1. A method for interpreting compound nouns, the method comprising:

determining the semantic relationship as paraphrasing the target compound noun if the semantic relationship correctly characterizes the association between the first noun and the second noun semantics;

wherein the multi-angle semantic feature vector comprises a first vector corresponding to the first noun and a second vector corresponding to the second noun;

the determining the semantic relationship between a first noun and a second noun in the target compound noun based on the multi-angle semantic feature vector comprises:

determining the semantic relation between a first noun and a second noun in the target compound noun based on the processed multi-angle semantic feature vector;

wherein the determining respective weights of the first noun and the second noun based on a door mechanism comprises:

and multiplying the gate vector by the first vector and the second vector respectively to obtain the weight of the first noun and the weight of the second noun, wherein the gate vector is obtained by training based on the influence of two nouns in the compound noun on the semantic relationship.

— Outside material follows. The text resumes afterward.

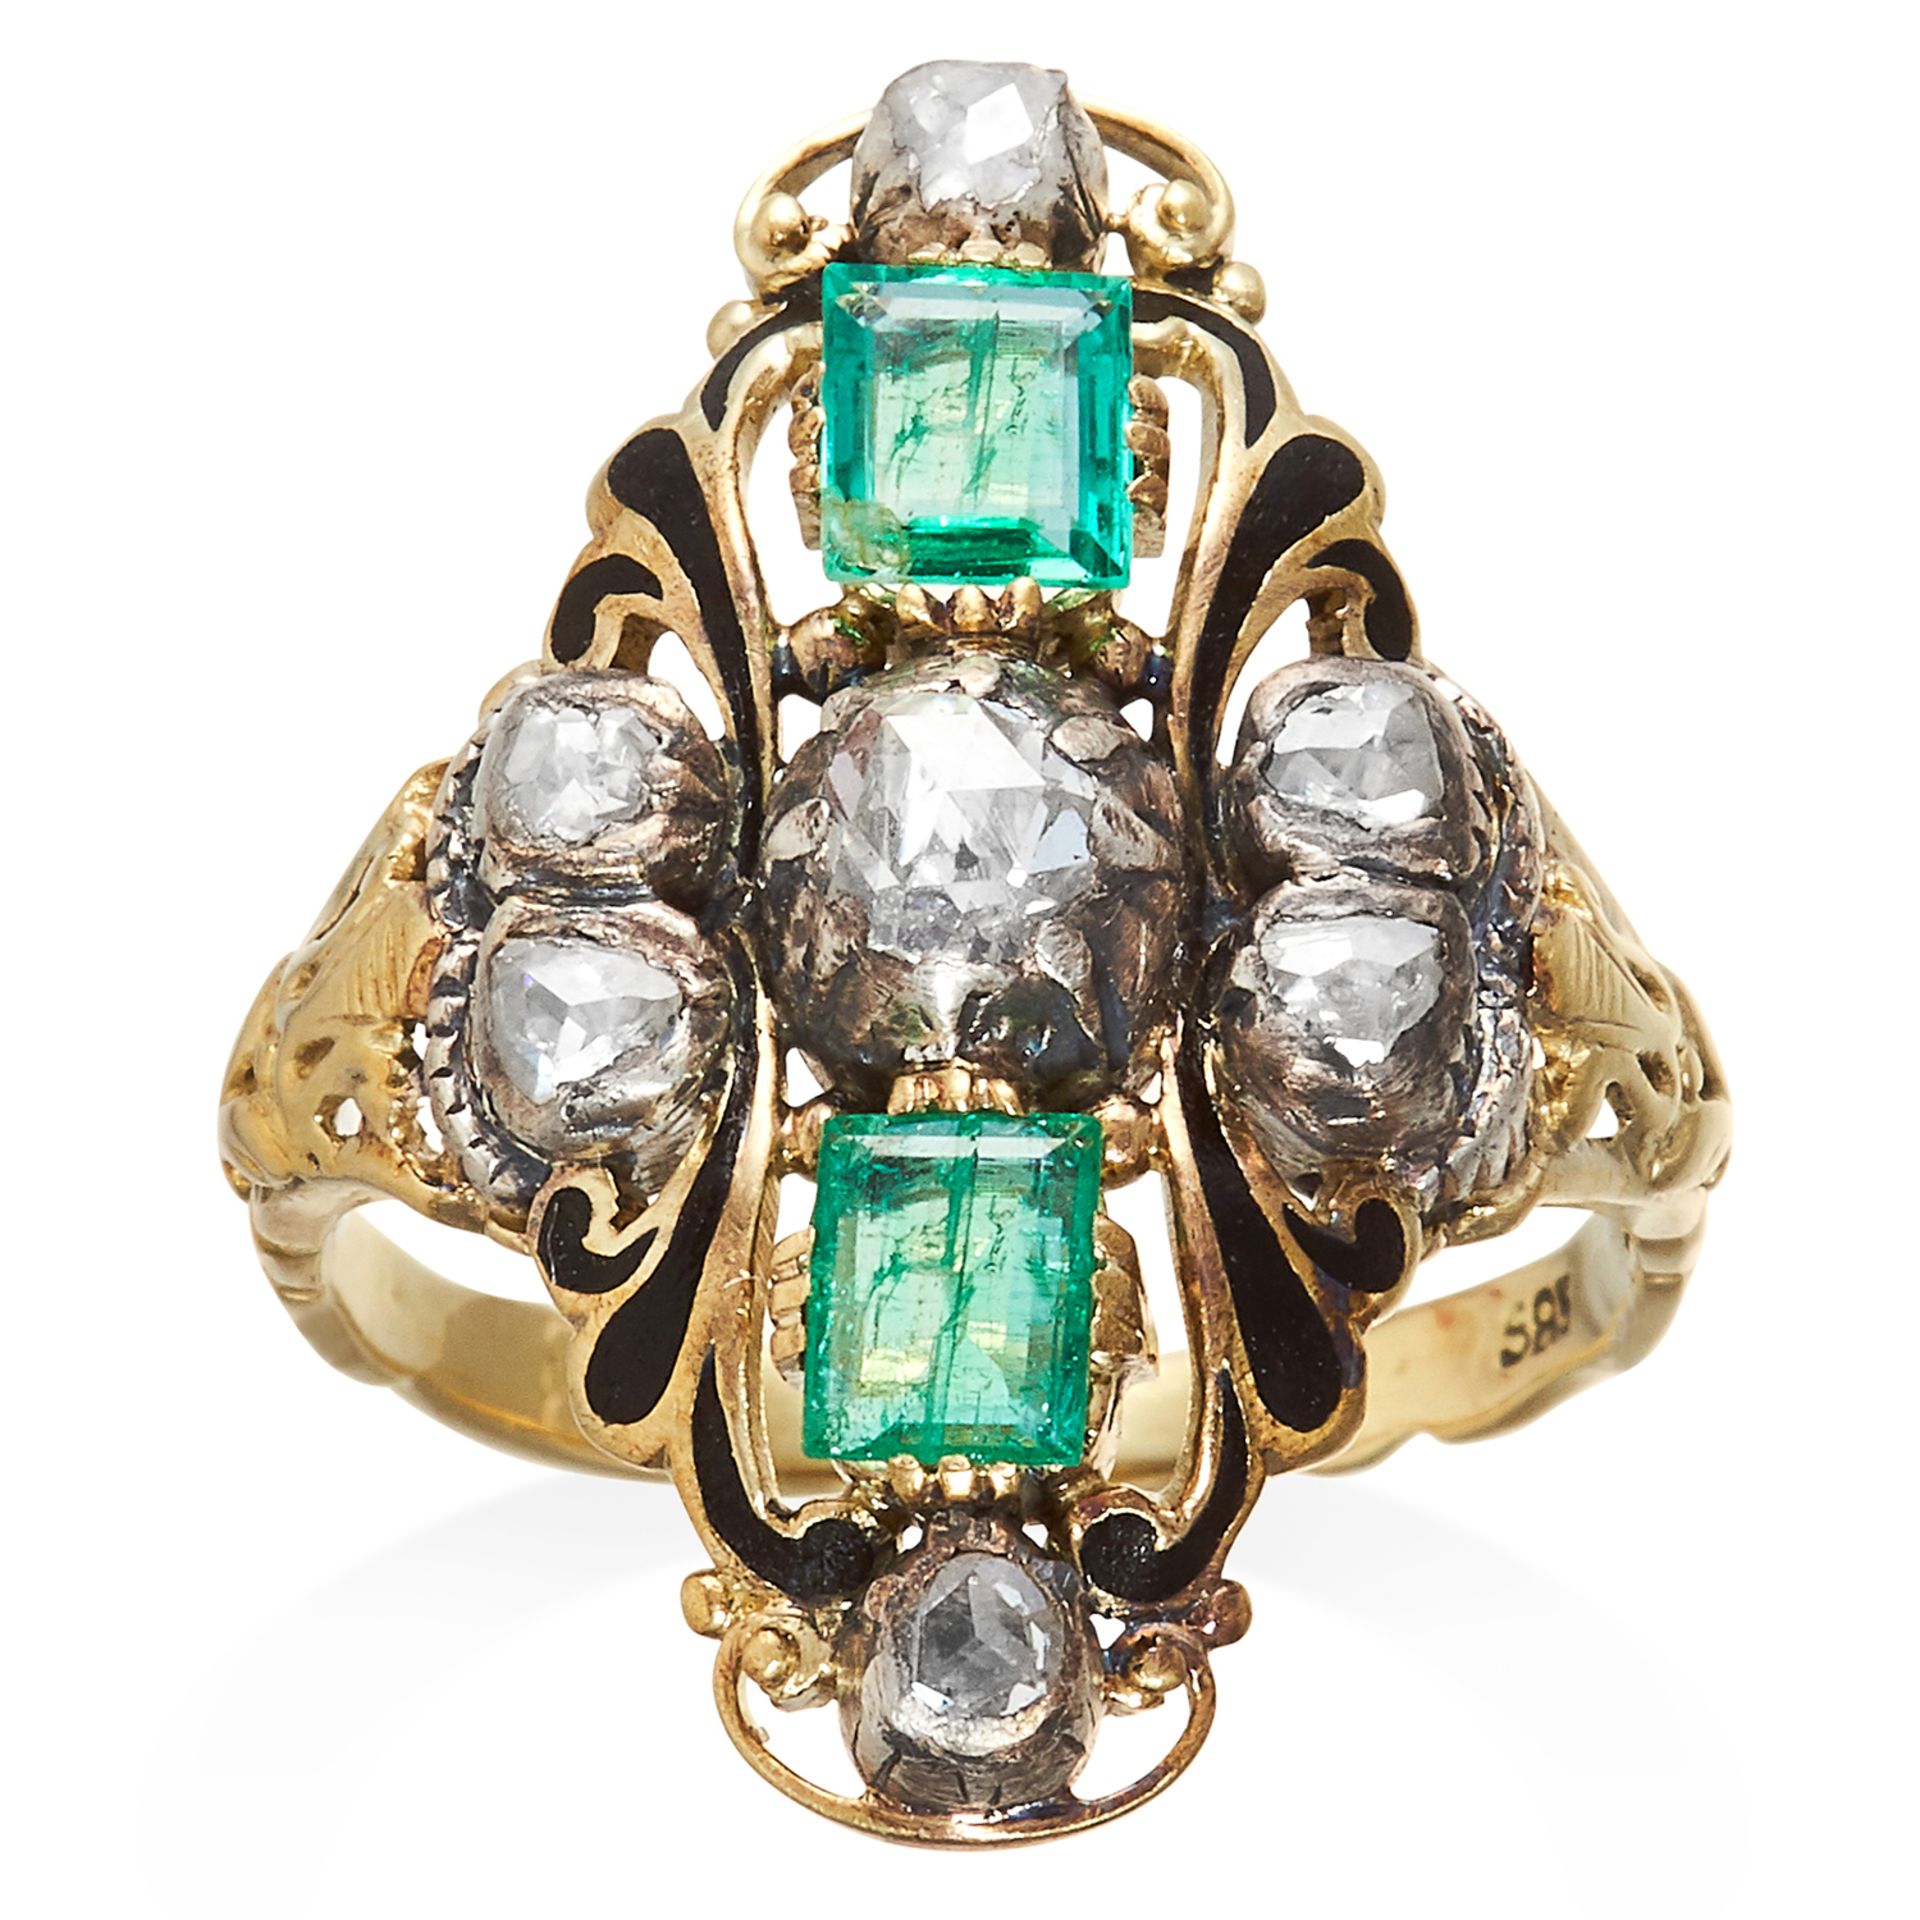 AN ANTIQUE EMERALD, DIAMOND AND ENAMEL RING in high carat yellow gold and silver, step cut

2. The method of claim 1, wherein in the event that the semantic relationship fails to correctly characterize the association between the first noun and the second noun semantics, the method further comprises:

3. The method of claim 2, wherein determining target candidate sentences based on semantic similarity between the target compound noun and each of the candidate sentences comprises:

4. The method of claim 2, wherein deriving a plurality of candidate sentences based on the sentence template, the first noun, and the second noun comprises:

replacing a first target word in the sentence template comprising at least one empty slot with the first noun, and replacing a second target word with the second noun to obtain an intermediate sentence;

5. The method of claim 4, wherein the filling empty slots in the intermediate sentence based on a pre-trained language model to obtain a plurality of candidate sentences comprises:

6. An apparatus for interpreting compound nouns, the apparatus comprising:

a paraphrasing module for determining the semantic relationship as a paraphrasing of the target compound noun if the semantic relationship correctly characterizes the association between the first noun and the second noun semantics;

wherein the plurality of the angular semantic feature vectors includes a first vector corresponding to the first noun and a second vector corresponding to the second noun;

wherein, the semantic relation module includes:

a weighting unit configured to determine a weight of each of the first noun and the second noun based on a gate mechanism; the method specifically includes multiplying a gate vector by the first vector and the second vector respectively to obtain a weight of the first noun and a weight of the second noun, where the gate vector is a vector obtained by training based on influence of two nouns in a compound noun on a semantic relationship;

7. An electronic device, comprising: processor, memory and computer program stored on the memory and executable on the processor, which when executing the program implements a method of interpreting a compound noun according to one or more of claims 1-5.

8. A readable storage medium, characterized in that instructions in the storage medium, when executed by a processor of an electronic device, enable the electronic device to perform a method of interpreting compound nouns as claimed in one or more of claims 1-5.